Comandante Sebastián crawled next to Joe, looked across the column of sleeping compas and began to whisper into Lucas’s ear—in English. “Lucas, can I tell you something?” His accent suggested New York City. “I need to tell you something.” And when Lucas gave him a confused look, Sebastián explained: “I lived in Newark for five years when I was a kid.”
“No sabía,” Joe said.
“You know that woman you see at the end of the column? The tall one? She’s my girlfriend.”
“Máxima? No shit.”
“Yeah. But she’s angry with me now. Because I yelled an order at her. Many orders. But one day soon we’ll be alone and together again. I’m telling you this because I have to tell someone. I’m going to write poems to her and win her back.”1
Sebastián rolled away and tried to sleep with an arm and then a shirt over his eyes. Lucas knocked out quickly and snored. At the other end of the camp, Máxima snored too, small puffs next to the trumpets of the boys around her. How many kilometers today? Fifteen. Joe fell asleep, and into a sweaty dream with orange noon light glowing behind his eyelids.
* * *
THE NEXT NIGHT, marching through open fields, the rebel column stopped on the edge of a cattle pasture, and two guerrillas very quietly approached a cow and rustled it away, despite some sturdy bovine resistance. The rebel column and the purloined animal marched along a river, and Joe saw a wild horse wading in shallow water and his comrades stopped to admire it for the apparition it was, a yellowish-brown animal that glowed in the dawn light as if it were made of gold. Later they camped at the opening to a cave whose walls were covered with small and ancient hand-size paintings. With each night of marching they entered a landscape that was greener, and a light mist fell on them, and Joe was relieved to be cooled off after so many warm nights of sweaty marching and days of sweaty sleep. With more tree cover, they could march during the day. One afternoon they followed a narrow gravel road and entered a “caserío,” a collection of homes with cement and adobe walls, and roofs of thatched branches and leaves. The settlement seemed abandoned, until women and girls and boys emerged from the brush around these homes; they had been hiding and now they revealed themselves, a small community of very poor people, dressed in timeworn clothing that hung on them like laundry; they seemed to be a mix of indigenous Mesoamericans and Africans, with wide faces and full lips. Joe shook hands with a boy whose pants had rectangular patches at the knees and whose shirt was filled with finger-size holes.

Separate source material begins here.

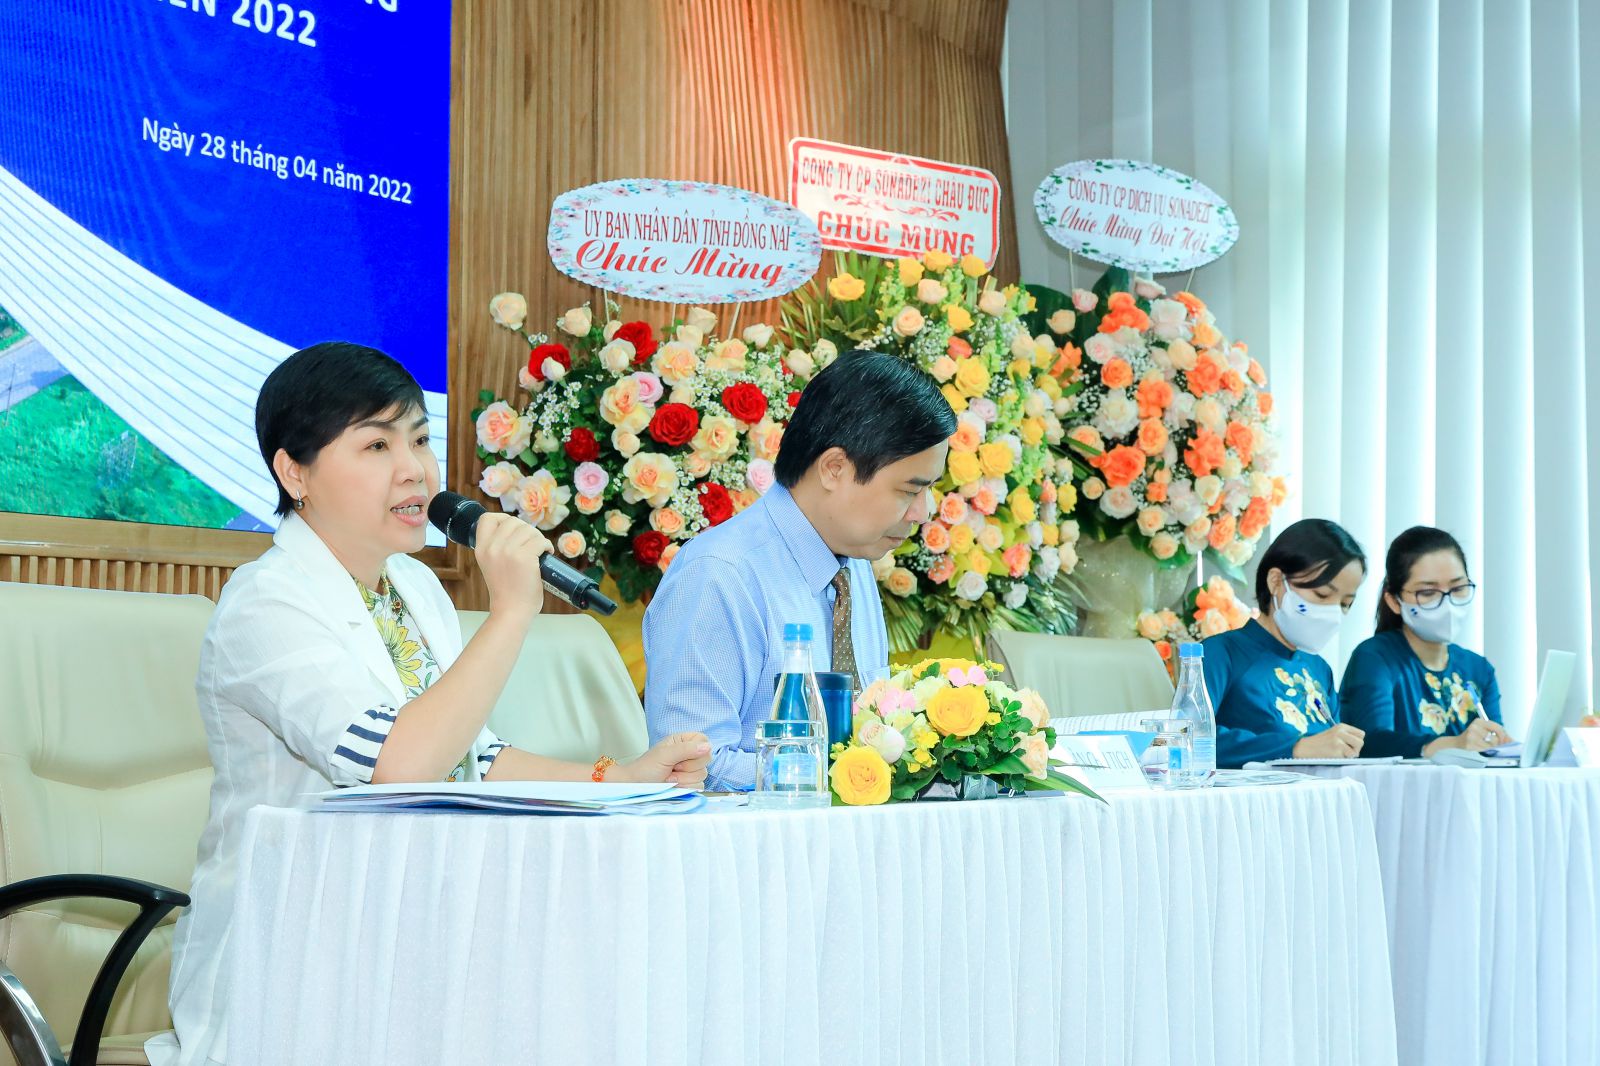 Chủ tịch HĐQT Sonadezi Đỗ Thị Thu Hằng chia sẻ với cổ đông về mục tiêu phát triển của Tổng công ty trong năm 2022

The only adult male in the village carried a machete with a curved tip, and Joe learned this was called a corvo. The man shook hands with Sebastián, speaking in a heavy rural accent Joe struggled to understand, and he led them up a short path to a cluster of singed adobe bricks and blackened palm fronds. “The army burned these houses down, Lucas,” Sebastián explained. “For collaborating with us.” Joe sensed that before the arrival of the army, the people here had lived in a deep and pure isolation. The children played games with rocks and pieces of string and ants, the way his father had in Kansas, and Joe was reminded of images he had seen of the poor during the Great Depression. This settlement had no electricity, and only a mud path connected it to the rest of El Salvador. The caserío existed in a state of timelessness, and this was disconcerting to Joe, because it ran against his notions of history, of the power of modernity to leave at least some trace in every corner of the globe. The army had taken away a young man from the village, Sebastián said, and he had not been seen since, and the soldiers had poisoned the wells and warned that worse would happen if the people did not tell them where the guerrillas were hiding.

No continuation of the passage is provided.